Warsaw, Poland, Nov 27, 2017 / 15:00 pm
Poland could gradually end Sunday shopping in the next three years, if lawmakers approve a bill under consideration in the national legislature.
Backers of the legislation want to make it possible for workers to spend more time with their families, the British magazine The Catholic Herald reports. The bill was initially supported by trade unions, then received support from the Law and Justice Party, Poland's ruling party.
Poland's lower house, the Sejm, passed the bill by a vote of 254 to 156. It still requires approval from the Senate and President Andzrej Duda.
The bill would allow Sunday shopping only on the first and last Sunday of each month through the end of 2018, then allow shopping only on the last Sunday of the month in 2019, then ban all Sunday shopping in 2020. There would still be exemptions for some bakeries and online stores. Sundays before holidays like Christmas will also be exempt from the ban
The bishops' conference of Poland said that the bill did not go far enough, arguing that everyone should have the freedom from Sunday work.
Last year Poland's Solidarity trade union collected 350,000 signatures for a citizens' bill to ban Sunday shopping, far more than the 100,000 required to initiate a legislative process.
Solidarity official Alfred Bujara told Agence France Presse last year that supermarket employees are "poorly paid, over-worked, and their family life suffers as a result."
"In Poland, capitalism and consumerism have gotten out of control," he said.
In his 1991 encyclical Centissimus Annus, Pope St.

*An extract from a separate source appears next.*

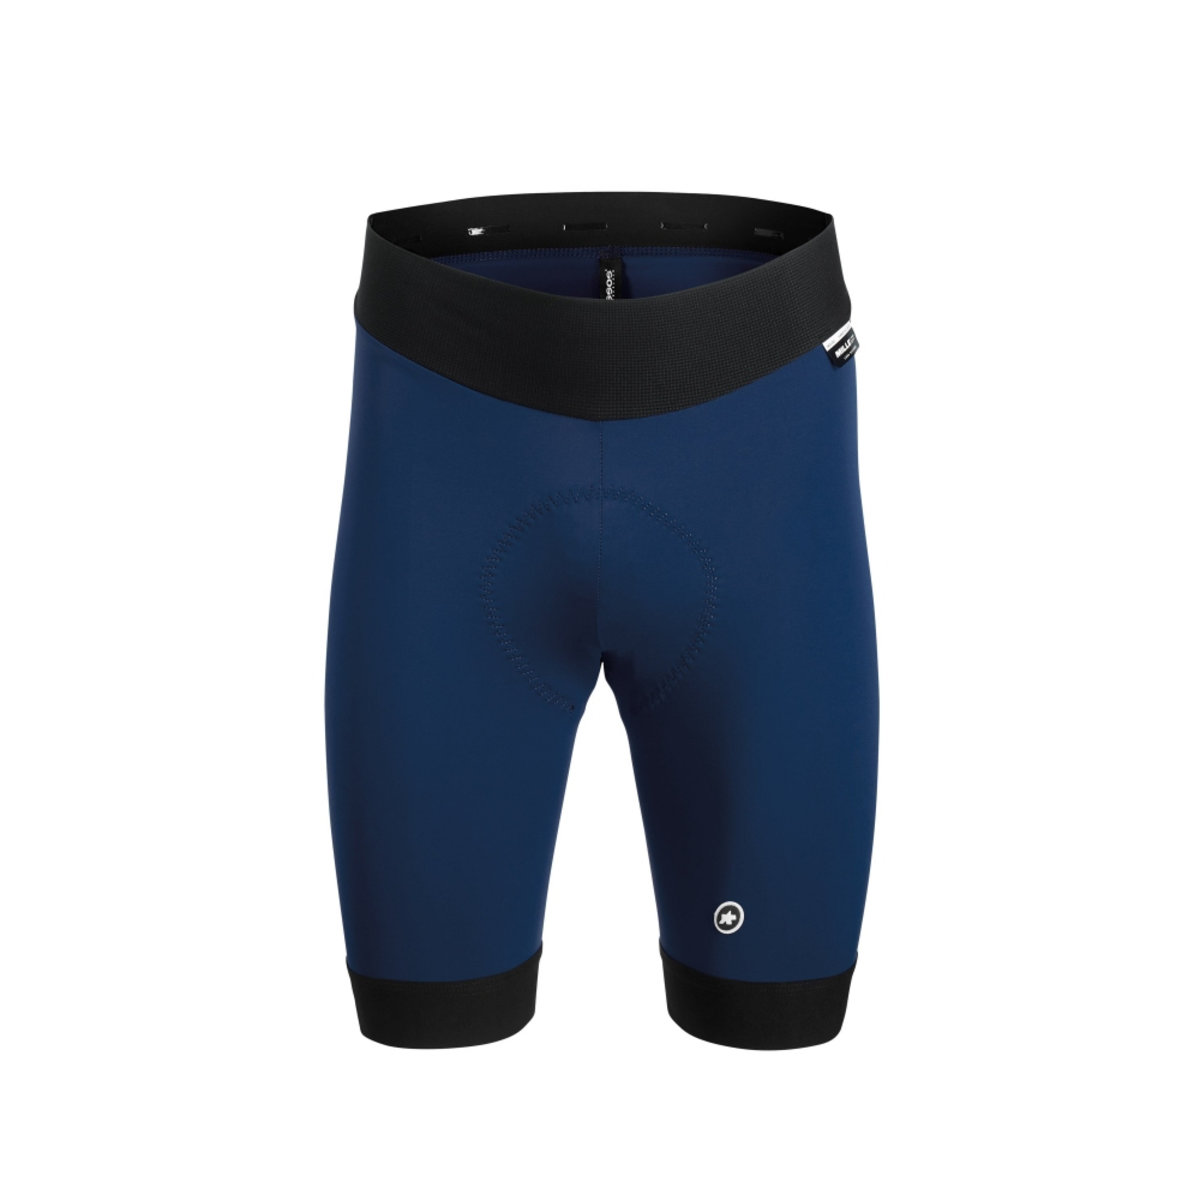 Велотрусы ASSOS Mille GT Half Shorts Caleum Blue, без лямок, мужские, синие с черным, XS фото

John Paul II, a Polish citizen, suggested that nations ask "whether existing laws and the practice of industrialized societies effectively ensure, in our own day, the exercise of [the] basic right to Sunday rest."
There have been at least three attempts on such a ban in Poland in the last 20 years. One survey indicated that only 30 percent of Polish voters supported the ban, while 62 percent opposed it, Agence France Press said.
A similar ban put forward in Hungary proved to be unpopular when it was enacted in 2015. The law was largely rolled back in 2016.